Would you reproduce each line below exactly, leaving every picture out?

> The data
[Start of Attachment]

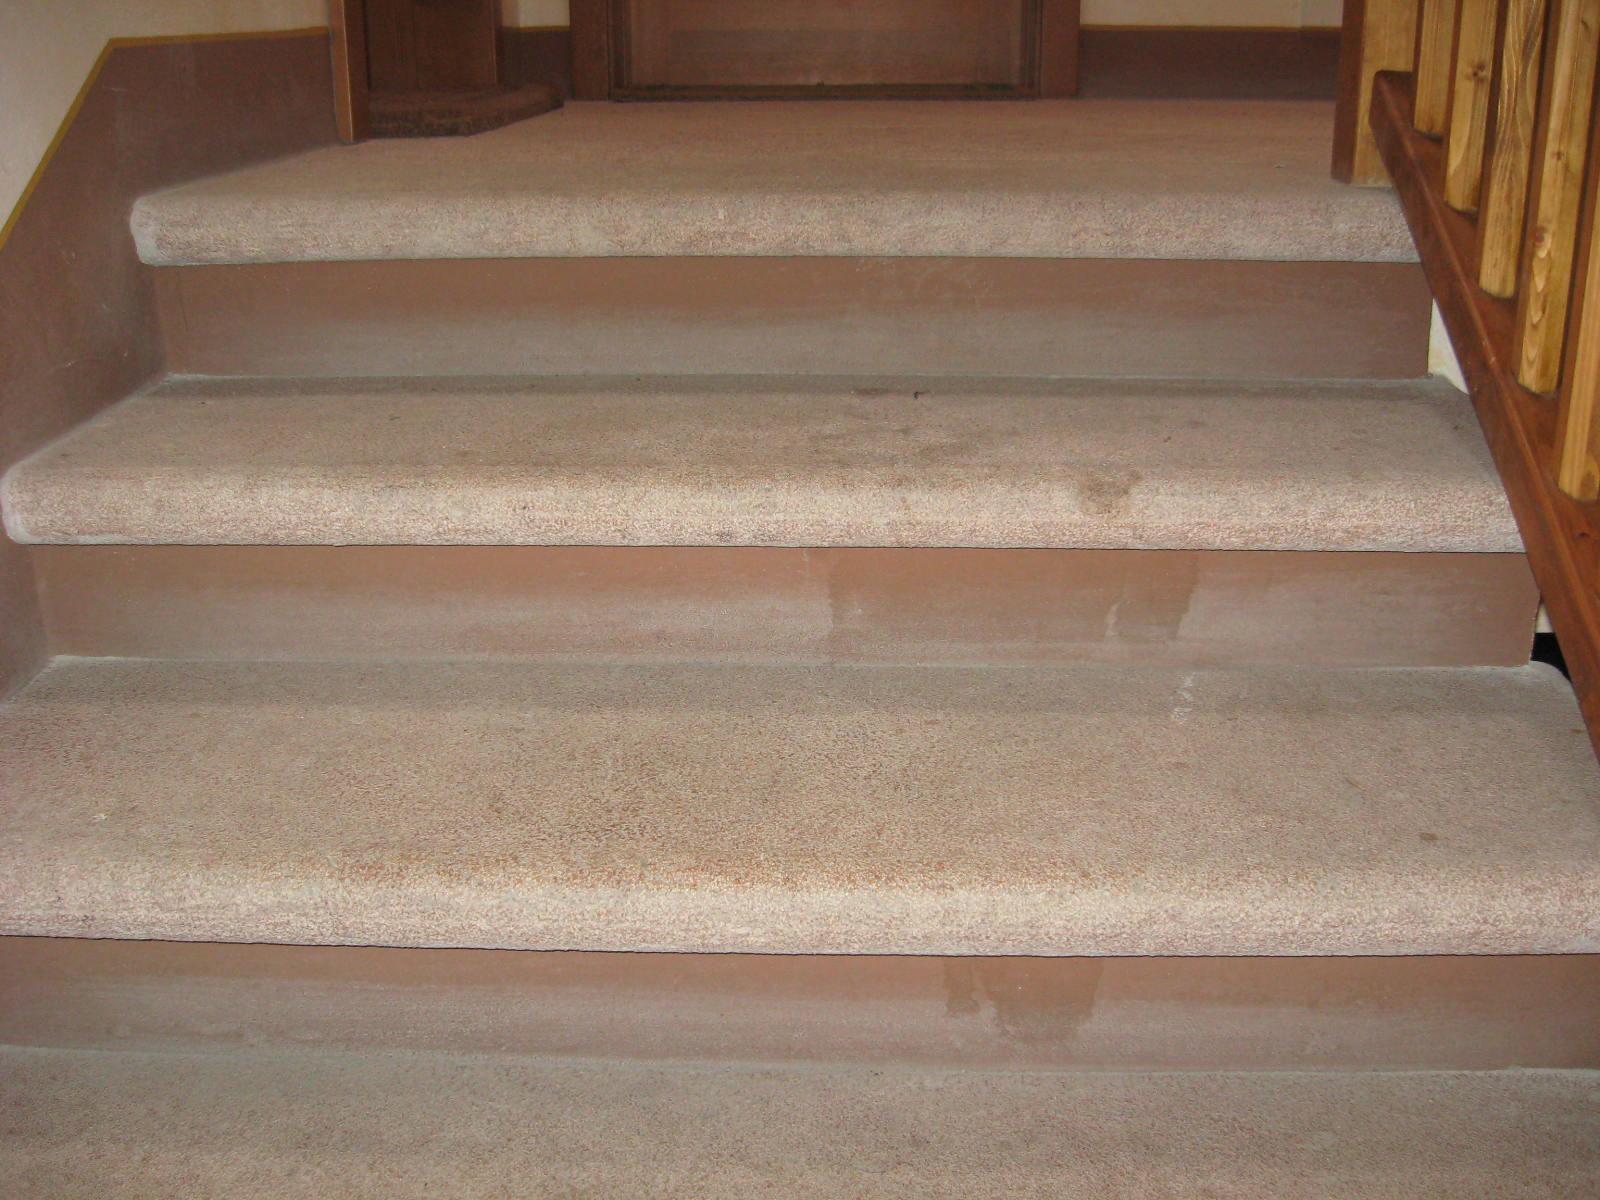 Pavimenti per scale esterne risultati immagini per pietre - Piastrelle per scale esterne ...
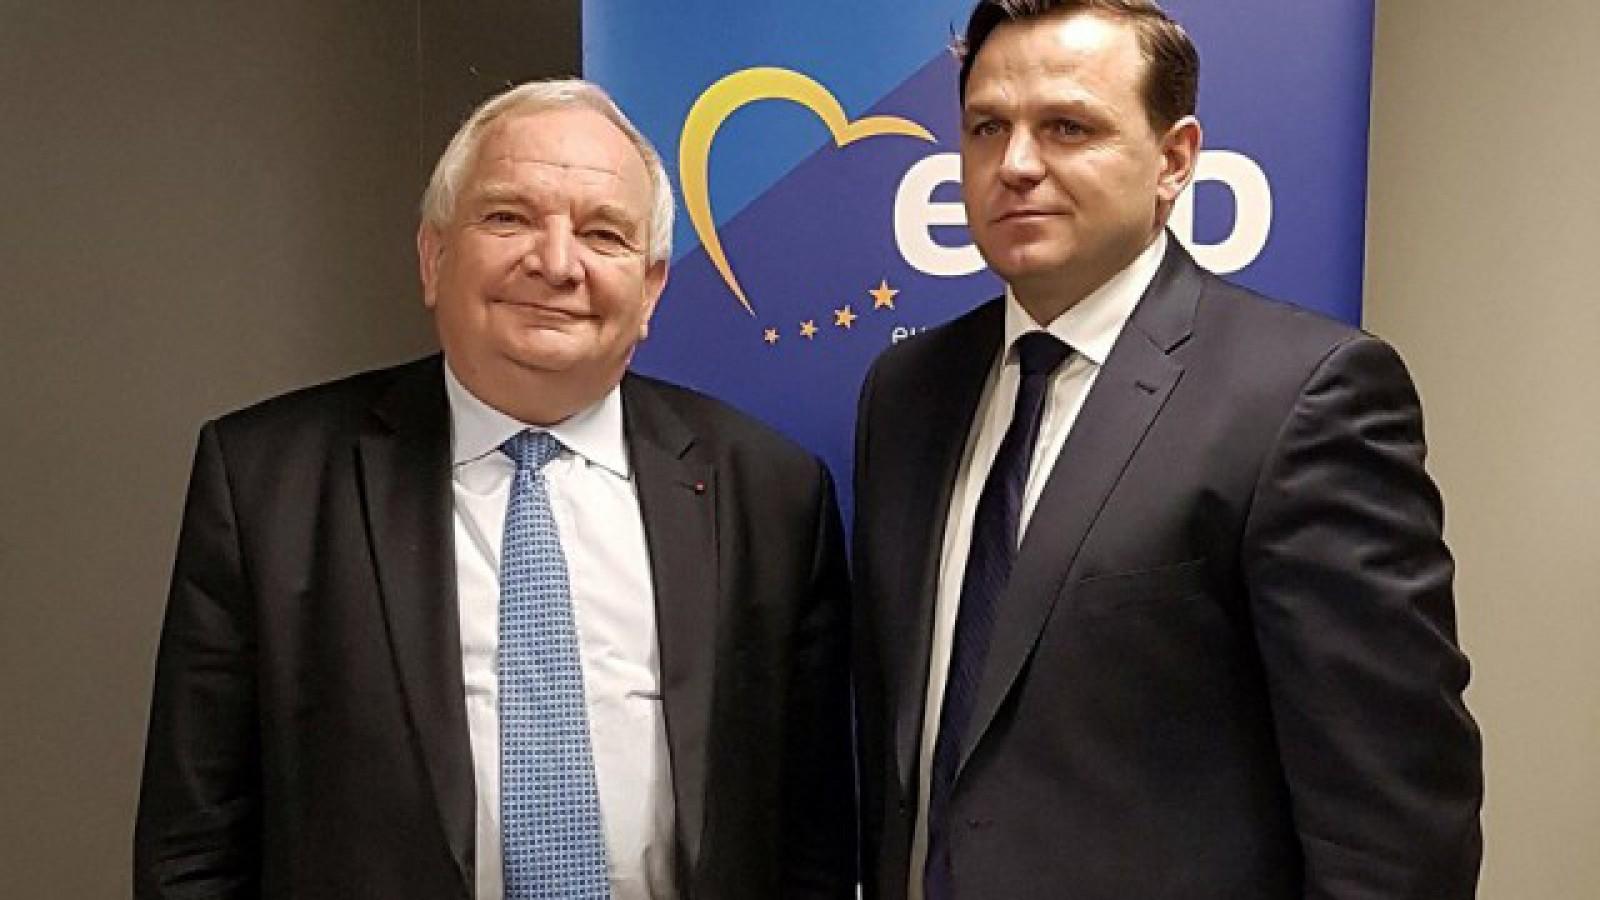 Bătălia sesizărilor între candidați: Ion Ceban a depus o sesizare la CEC împotriva lui Andrei Năstase, în urma unei declarații a lui Daul
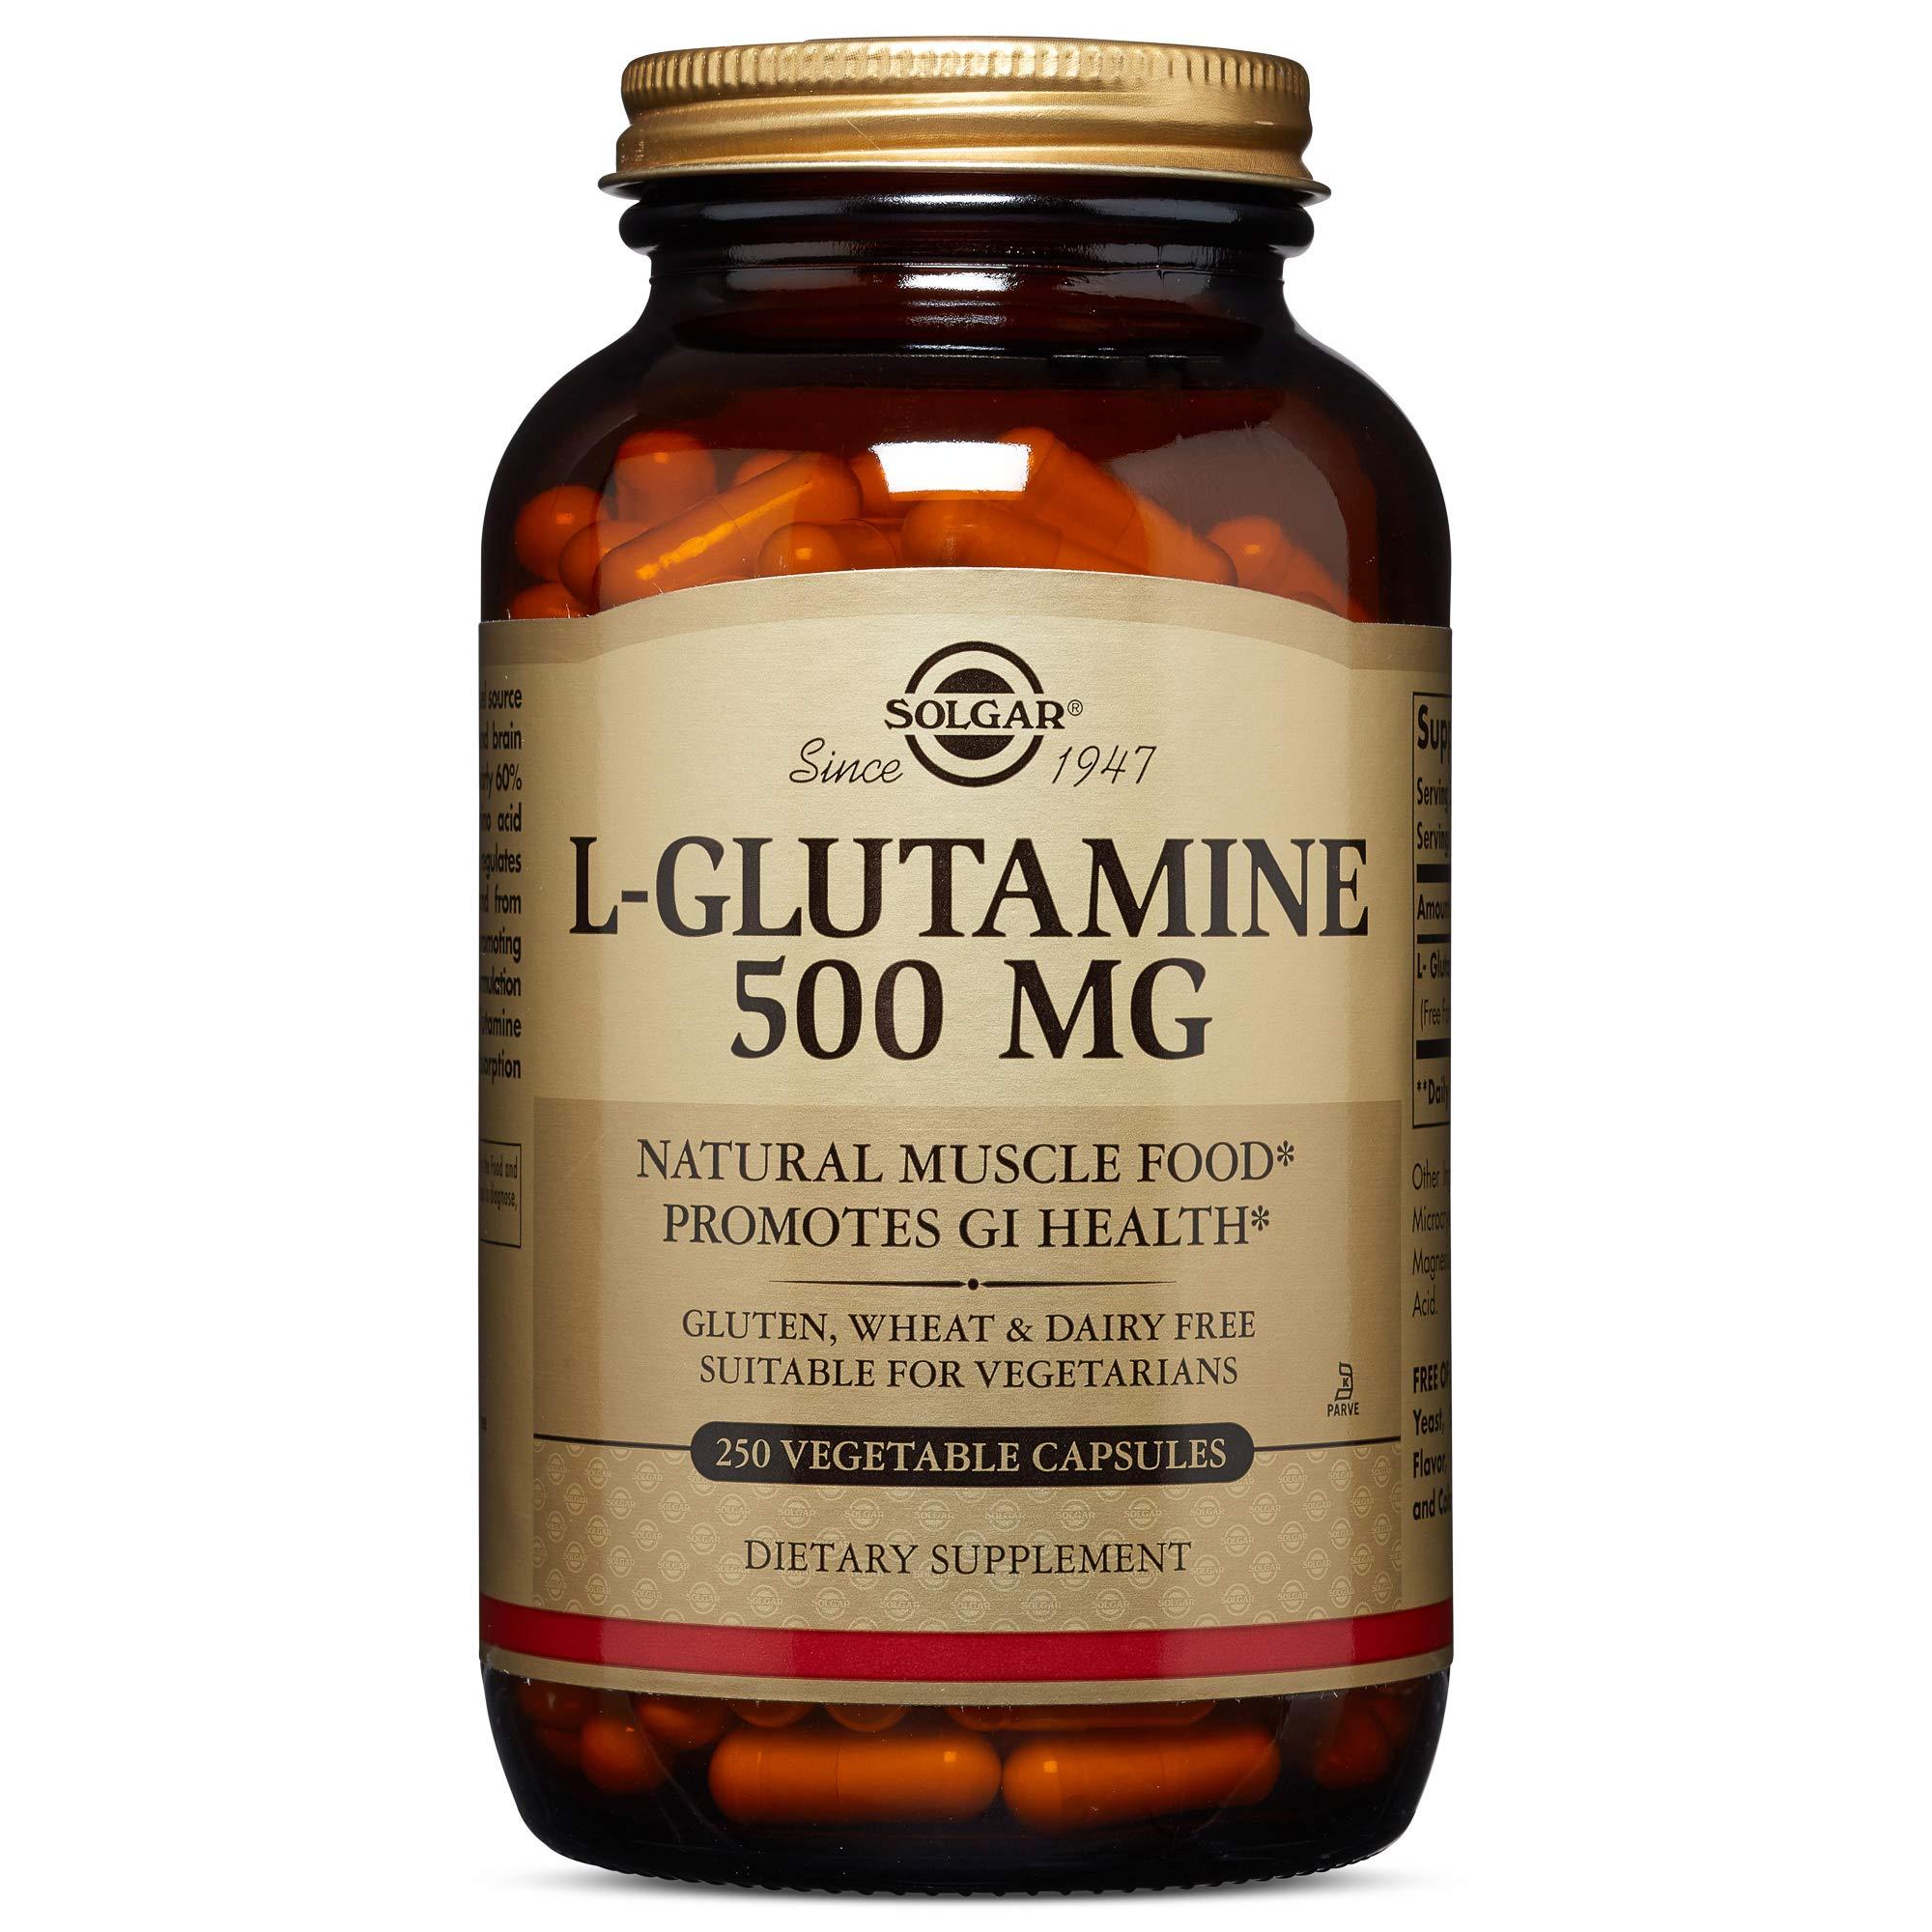 Solgar, L-Glutamine 500 mg 250 Vegetable Capsules by Solgar

[End of Attachment]

> Response below
 Pavimenti per scale esterne risultati immagini per pietre - Piastrelle per scale esterne ...
 Bătălia sesizărilor între candidați: Ion Ceban a depus o sesizare la CEC împotriva lui Andrei Năstase, în urma unei declarații a lui Daul
 Solgar, L-Glutamine 500 mg 250 Vegetable Capsules by Solgar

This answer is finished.